5 Of The Biggest Diabetes Screw Ups Of All Time
Diabetes has had many screw-ups particularly when it comes to natural treatments, recommended foods and addressing deficiencies, which is central in both avoiding and treating the disease.
According to the CDC, diagnosed and undiagnosed diabetes in the United States totals an astounding 29.1 million people or 9.3% of the population. Undiagnosed cases total a shocking 8.1 million people (27.8% of people with diabetes who are undiagnosed with the condition).
How many more people need to be diagnosed with diabetes before we look at how natural treatments and diet affects the vitality of our immune systems in contracting the disease, as well as managing it? While this remains to be untold, at least for now, there are natural treatments and reasons for the diabetic condition that can help you to manage your disease naturally and safely, reverse it, and in some cases, actually avoid it.
One of the most important screw-ups of diabetes is that the treatment for the disease is streamlined for all who are diagnosed, despite their individual dietary needs, deficiencies and complications. In fact, it has been one screw up after another with diet recommendations for diabetics historically. As a diabetes patient, you should be told all the of the options in healing and in many cases reversing your disease, then be able to work with your practitioner to see which approach works best for you. Often times a natural approach to the diabetic condition, be it type 1 or type 2 diabetes, can go a long way in improving and even reversing the disease. Below are some of the major screw-ups that have been served up in terms of healing for type 1 and type 2 diabetics.
Screw up # 1 - Fruit raises blood sugar: This screw up has caused major health issues and deficiencies for many diabetics by instilling a fear of eating fruit.
According to the latest research from the University of Oxford, eating more fruit is encouraged for diabetics. A team of European scientists in the China Kadoorie Biobank national study decided to investigate the health effects of consuming fresh fruit in patients both with and without diabetes. The researchers examined the effects of fruit consumption on almost 500,000 participants of the China study who ranged in age between thirty and seventy-nine years old, and lived in ten different areas across China. The participants were clinically followed for approximately seven years.
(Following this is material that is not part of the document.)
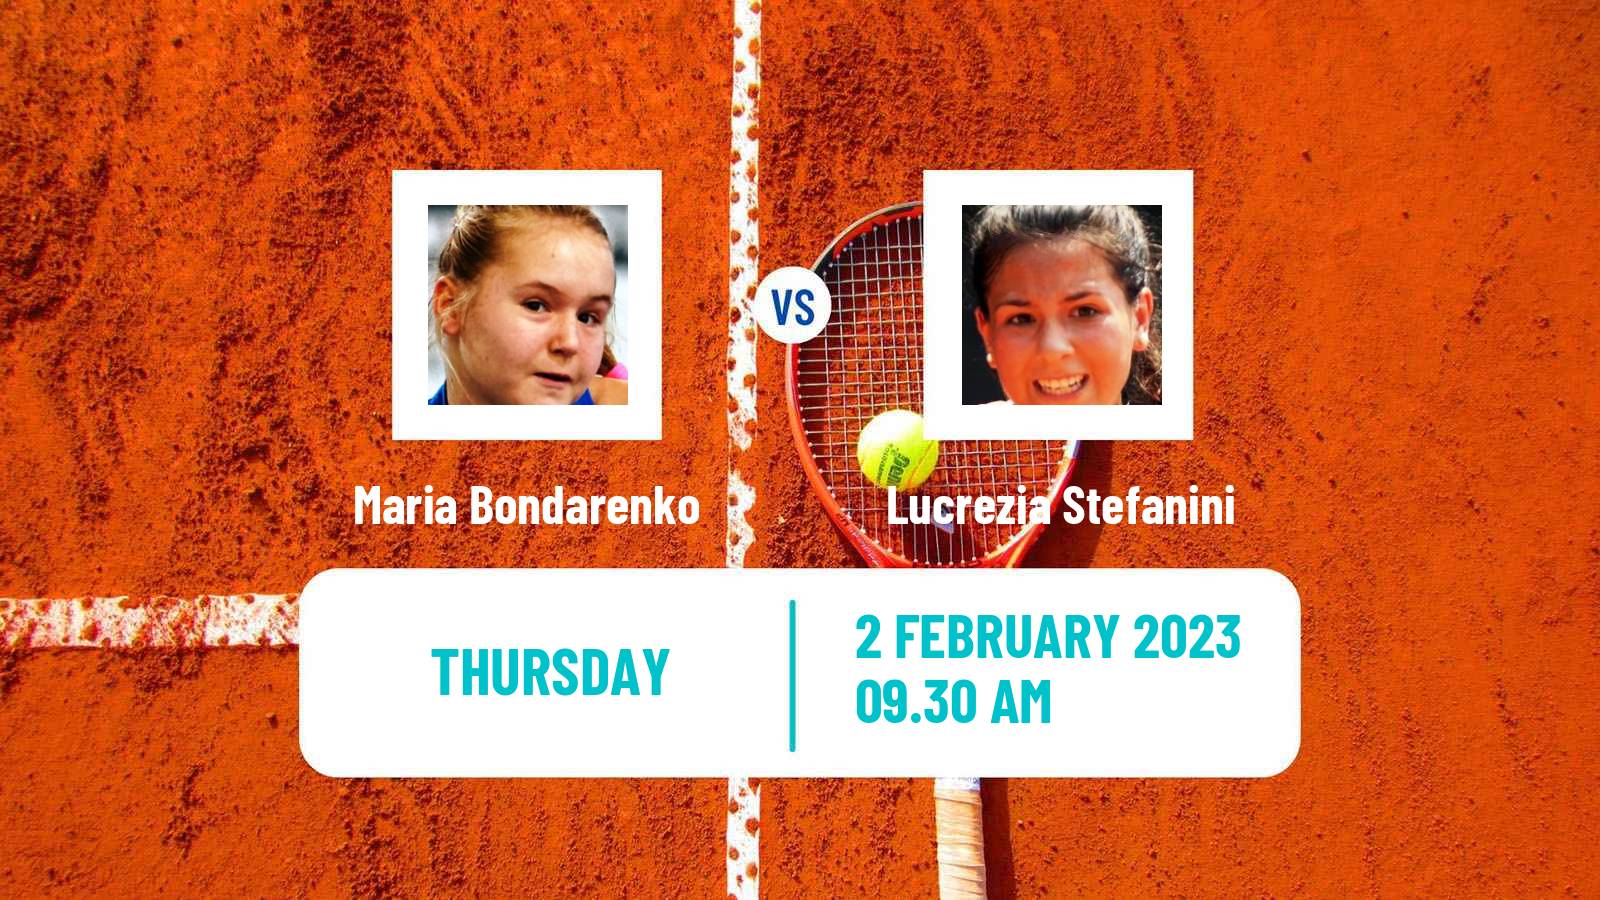 Tennis ITF Tournaments Maria Bondarenko - Lucrezia Stefanini

During the follow-up period, 9,504 cases of diabetes were identified in participants who did not have diabetes at the beginning of the study. Using Cox regression models, researchers analyzed the correlations with consumption of fresh fruit while also adjusting for age, sex, location, socioeconomic status, body mass index (BMI), and family history of diabetes.
In total, 18.8 % of the participants said that they consumed fresh fruit every day, and 6.4% said they never or rarely consumed fruit. Those who had been previously diagnosed with diabetes were three times as likely to not consume fruit than those without diabetes or with screen-detected diabetes.
The research was clear. People who did not have diabetes at the beginning of the study and consumed fresh fruit in high amounts had a significantly lower risk of getting diabetes. While those who had diabetes at the beginning of the study and consumed high amounts of fruit had a significantly lower risk of dying from any cause, as well as a lower risk of developing cardiovascular complications which are often associated with the disease.
Therefore, higher fresh fruit consumption showed a significantly lower risk of diabetes and, among diabetic individuals, lower risks of death overall, as well as prevention of major vascular complications despite the study's "uncertainties" about its potential effects on risks of death and major vascular complications.
Screw up # 2 - High protein diets are best for keeping down blood sugar: This screw up is costing people their livers and their health. High protein diets are high in dietary fat (not the good kind), which have been shown in studies to cause oxidation in the blood and the progression of disease. Dramatic improvements in blood sugar levels occur when diabetics eat low fat, high carbohydrate plant-based diets, according to the Journal Diabetes Care. A study revealed that both a low-fat vegan diet and a diet based on ADA guidelines improved glycemic and lipid control in Type 2 Diabetic patients. These improvements were greater with a low-fat vegan diet.